4) resampler_v4_sqs.R. Performs the repeated resampling to estimate spatially-constrained biodiversity within each temporal time slice.

5) diversity_plots.R. Creates many of the initial plots and outputs a lot of the most important statistics comparing the spatially-resampled fossil and modern biodiversity metrics.

The other scripts perform various other functions, some of which are supplementary, some of which perform a specific analysis that was requested by a curious reviewer. Not all of these made it into the final manuscript, but I have included them for completeness.

Settings and Variables

These settings exist in the chapter3_main.R file. The goal is to have all the important settings exposed in this file, and then the other scripts are run from this main file. The default settings as they are now will produce the main analysis presented in the paper, and the alternate analyses (such as randomizing the geographic positions of fossil records) can be done by changing these settings.

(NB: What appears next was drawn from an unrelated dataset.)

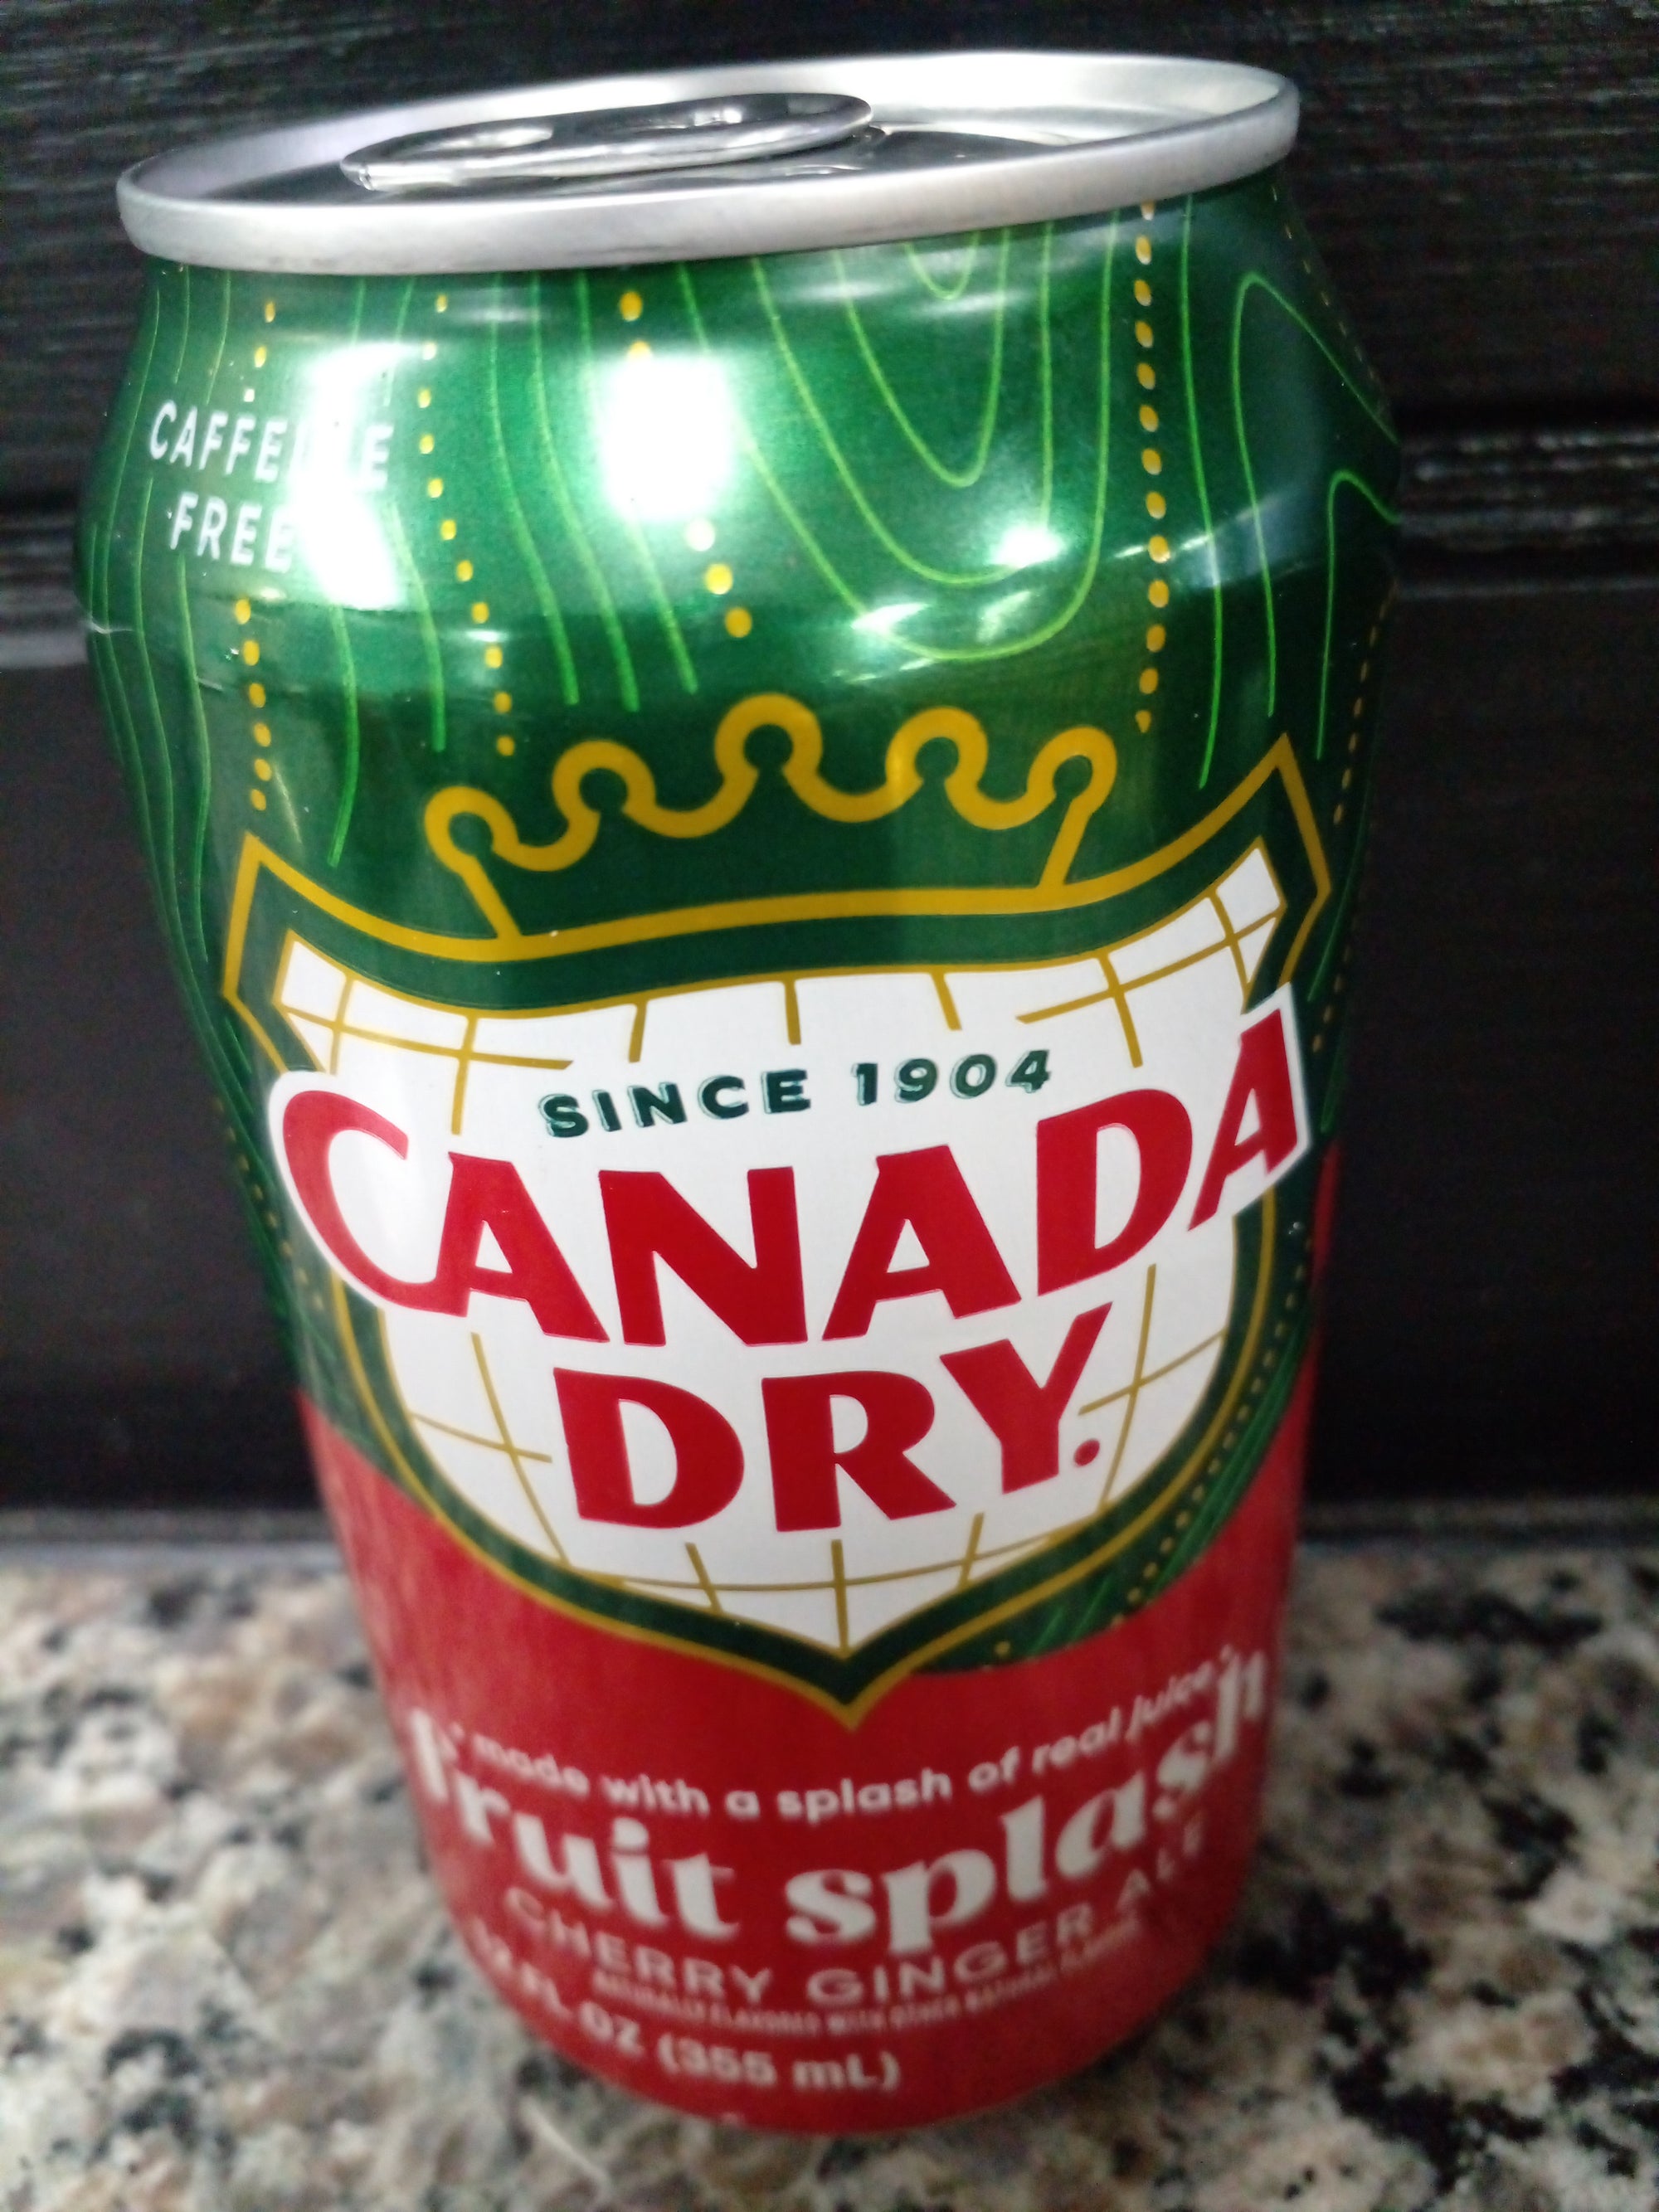 CANADA DRY Fruit Splash Cherry Ginger Ale 355ml can

taxon_remover: (list - string) used to ignore certain taxonomic orders in the OBIS data as described in the manuscript. Specifically, we ignored Decapoda, but other groups could be added to this list. The strings should be the name of the file which is downloaded from the OBIS (e.g., Decapoda_records.csv).

obisOutputFilename: (string) the output file of the combined OBIS records - the program will download many files separately, then combine them into a single dataset with this name.

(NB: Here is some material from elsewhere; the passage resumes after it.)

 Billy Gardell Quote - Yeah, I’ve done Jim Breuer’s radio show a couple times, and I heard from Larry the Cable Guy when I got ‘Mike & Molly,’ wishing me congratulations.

pbdbDateasetFilename: (string) the filename of the PBDB data that will be loaded into the program.

pbdbTaxaFilename: (string) a filename for a csv containing a list of taxonomic orders to search for in the OBIS. In our case, all the marine invertebrate orders present in the PBDB.

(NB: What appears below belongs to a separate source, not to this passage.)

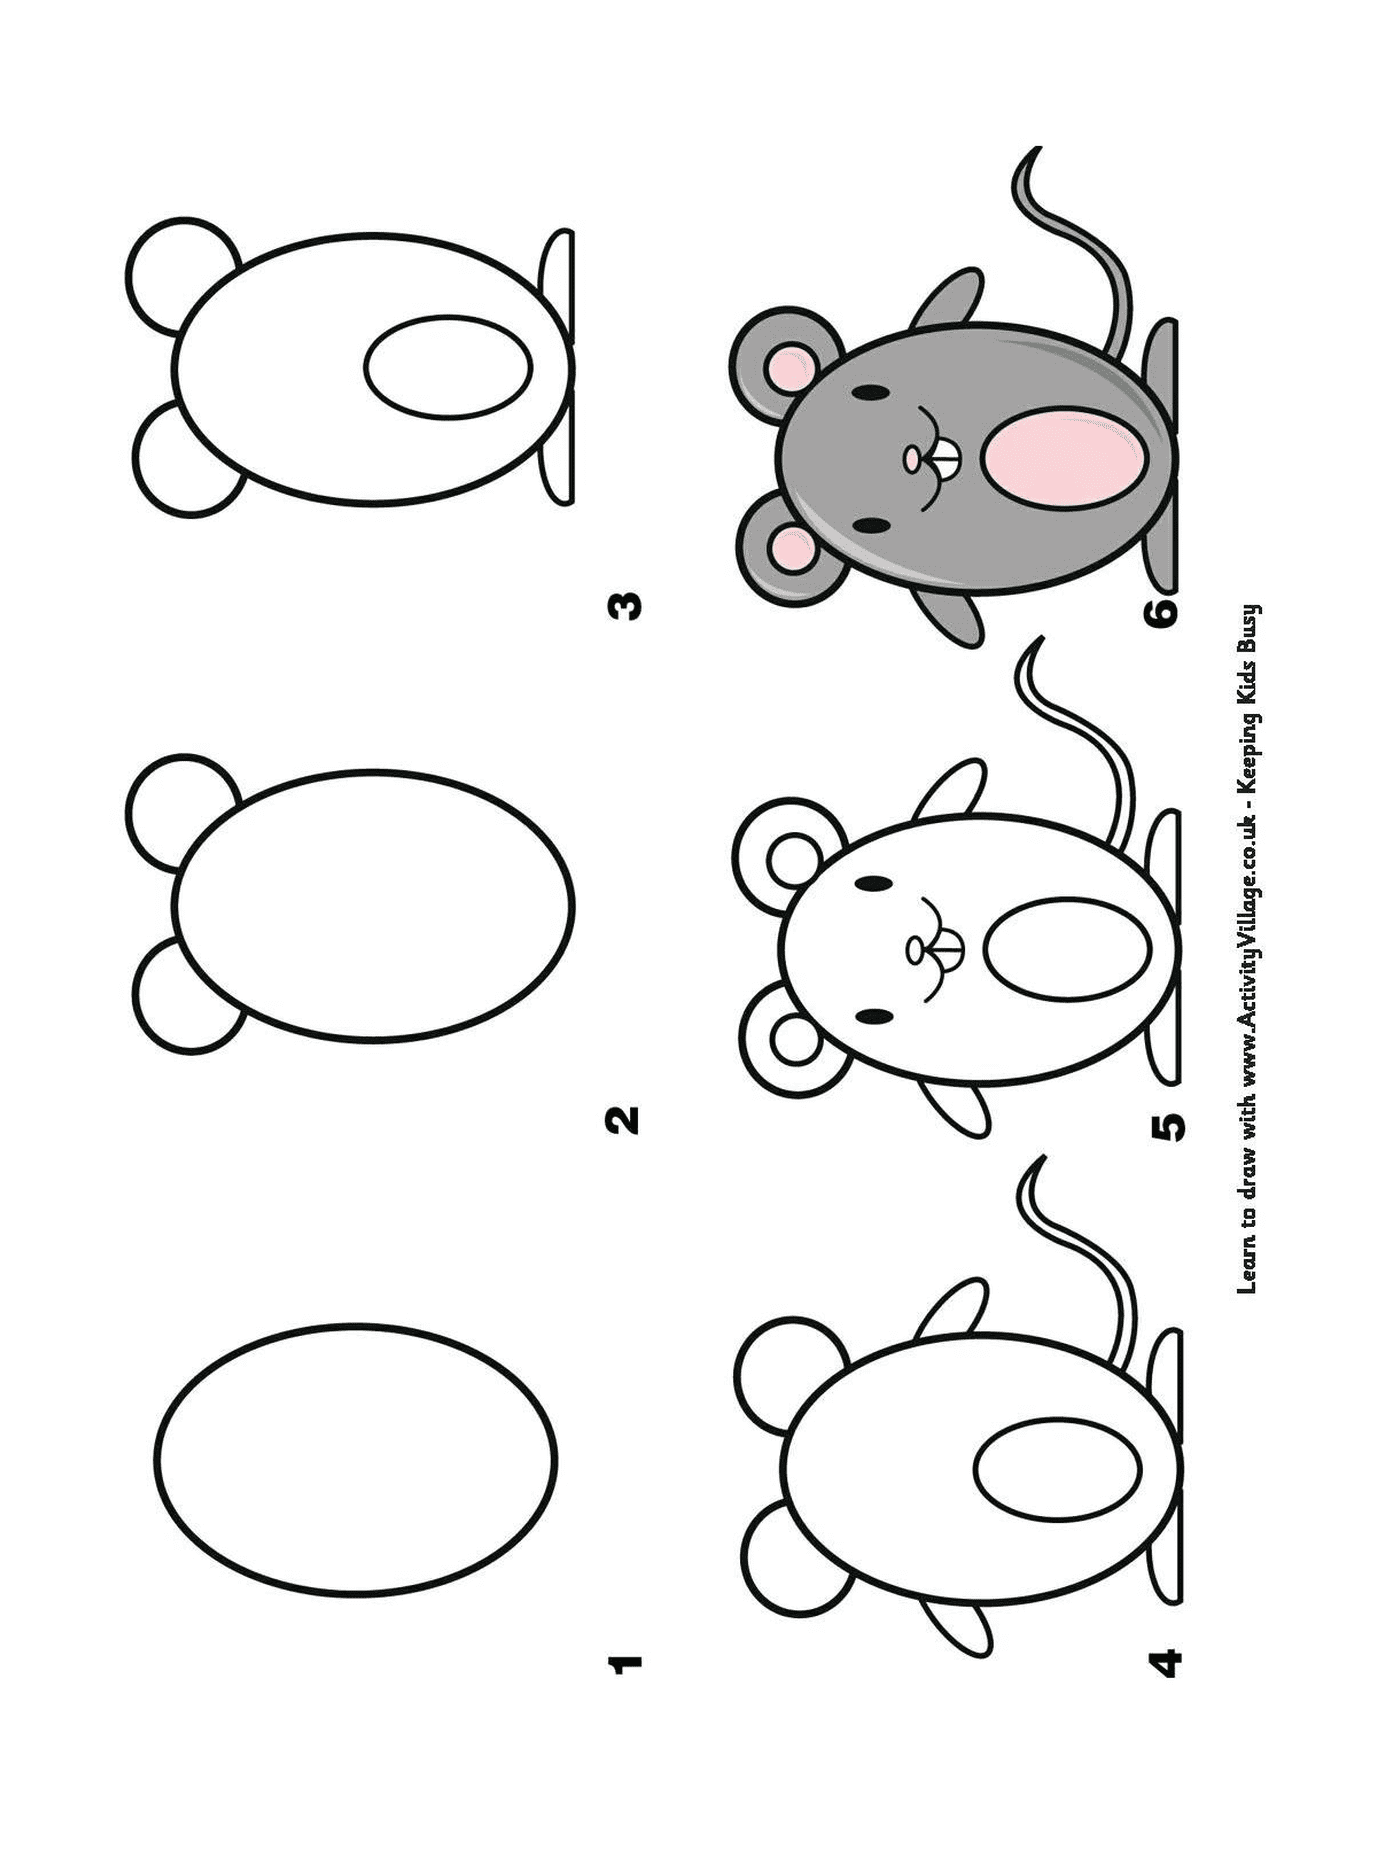  How to draw a mouse step by step

clip2Shallow: (bool) - makes it so the program only looks for PBDB-OBIS matches in the shallow parts of the modern ocean, rather than grabbing modern OBIS occurrences from e.g., the middle of the Pacific. Default is True

test_modernWithPBDB: (bool) - this version doesn't use OBIS data, instead it compares the PBDB record to a time-independent copy of the PBDB, where all the occurrences for a given geographical grid cell are lumped together regardless of their geological time.

l_breaks: (list - decimal) how should the longitudinal portion of the data be broken up?

cell_replicates: (int) how many alternative cell groups should be selected when looking for geographically similar cells in the modern dataset. I.e., the program tries to select modern geographical cells with a similar latitudinal and longitudinal distribution as in each time slice in the paleo record, and this setting controls how many times that process is performed. Then, one of the results is chosen at random per overall resample.

save_altered_geometry2file: (bool) should the program try to save the modified shapefiles produced as part of the analysis? (Can produce crashes, so this setting should not be turned on).

resample_replicates: (int) how many sampling replicates should be run - i.e., a cell selection is chosen, then sampling is performed, and the steps are repeated.

randomize: (bool) randomize the geographic cell (via sampling without replacement - i.e., scrambling the cells) that each PBDB record belongs to.